Как я? Почему в голове у меня постоянно возникает это навязчивое сравнение, оно возникло у меня сразу же, как только я узнал о случившемся. И узнал при весьма странных обстоятельствах. Крис по капле расставался со своей жизнью, а я сидел в студии, ждал, когда же, наконец, он появится, но вместо этого прибежал Джимми, потрясая телефоном и, сунув мне его в руку, сказал: «Просят Стэна Марлоу». Я спросил кто это, и в ответ услышал голос, который мне уже доводилось слышать или это только показалось, голос сказал только одну фразу, «Не жди, поезжай в квартиру на F***». Сперва, я подумал, что это Крис передал мне сообщение через подставное лицо, но к чему нужны были эти предосторожности. Я спросил Джимми, что происходило до моего приезда. Он пожал плечами и ответил, что приходили двое из полиции, что-то поспрашивали у Харди, а он после этого он побежал к Даншену. Куда он потом делся, неизвестно.

Я прихватил с собой Джимми, и мы поехали, причем каждый из нас кричал Бобби, чтобы он летел на всех скоростях, я уже был уверен, что случилось, что-то скверное. Мы вошли в квартиру, и я сразу же понял, что он в ванной, хотя даже вода не шумела, она была закрыта, я понял, что произошло по одной единственной мысли поразившей меня впоследствии: «Как я».

Он собирался умереть, как я собирался сделать это. Мои размышления простирались дальше, я вспомнил о пожаре в тюрьме и о пожаре в студии, о котором он мне рассказывал еще вначале нашего знакомства, тогда я не обратил внимания на эти странные совпадения. Мне вспомнились почему-то вместе гибель Томаса и самоубийство Мэри, после ночи любви, словно оба мы были отмечены каким-то общим проклятием и попадали в одни и те же переделки. Все что происходило с ним, происходило и со мной и наоборот, я не мог умереть, пока он жив, и он тоже не мог расстаться с жизнью, пока дышу я.

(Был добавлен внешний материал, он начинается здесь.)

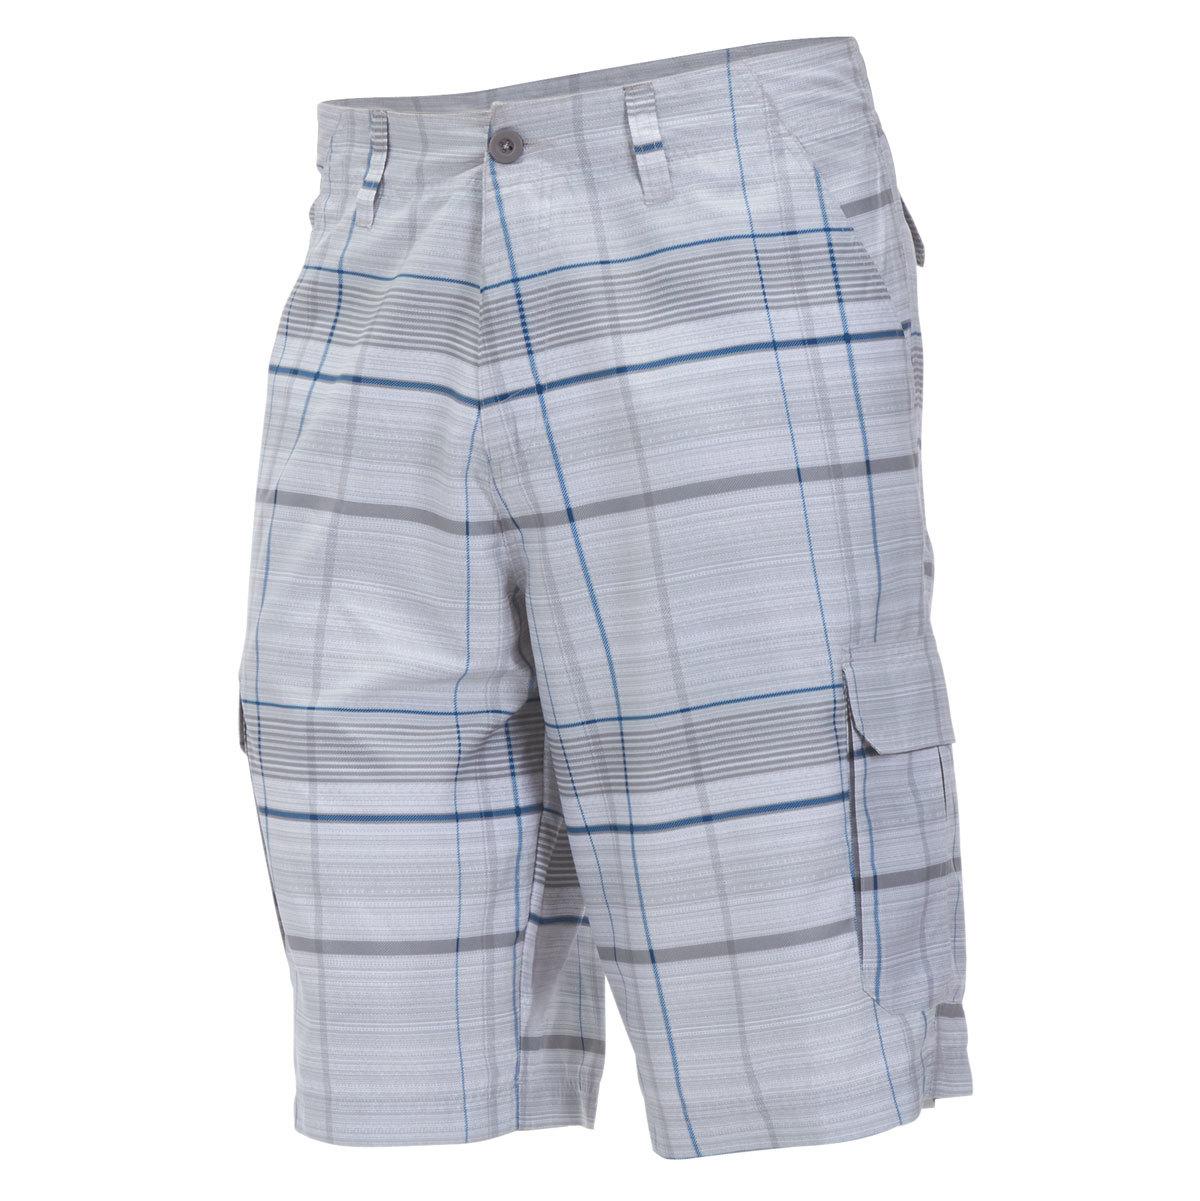 Burnside Guys' Microfiber Plaid Shorts - Black, 36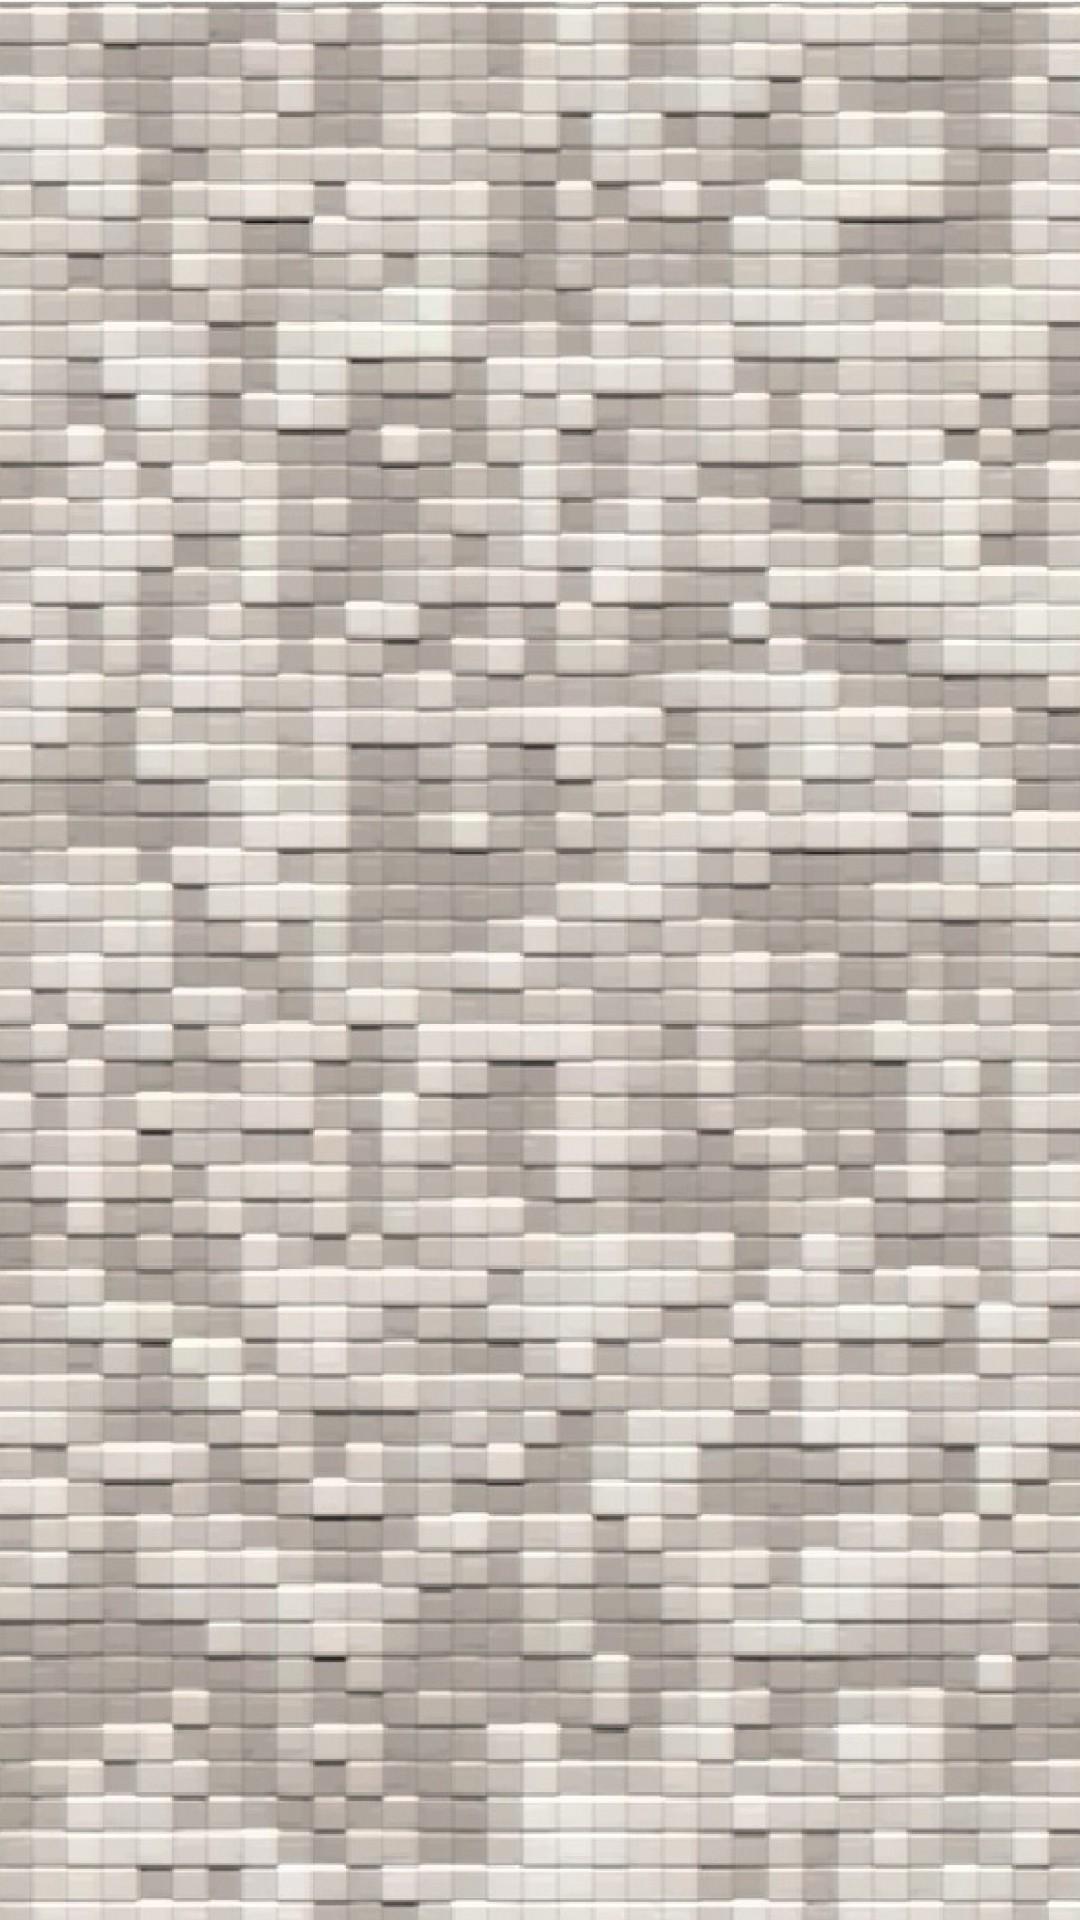 Wallpaper pixel, black, digital, camouflage

Последним, что ужаснуло и обрадовало меня до безумия, была наша одинаковая группа крови, только моя кровь должна течь в его венах, только моя.

— Крис, ты слышишь меня, — я позвал его, увидев, что он смотрит на меня с неизъяснимо виноватым выражением лица, — мы братья по крови.

Он покачал головой и пожал мою руку.

— Я хотел, чтобы ты знал, — сказал он тихим хриплым голосом, — что мы не свободны.

— Я это всегда знал, — возразил я.

Я помог ему приподняться. Его темные волосы, разбросанные на белой подушке придавали его измученному лицу, невыносимо прекрасному и дорогому для меня, печальную строгость византийских изображений, запредельных и чуждых всему земному.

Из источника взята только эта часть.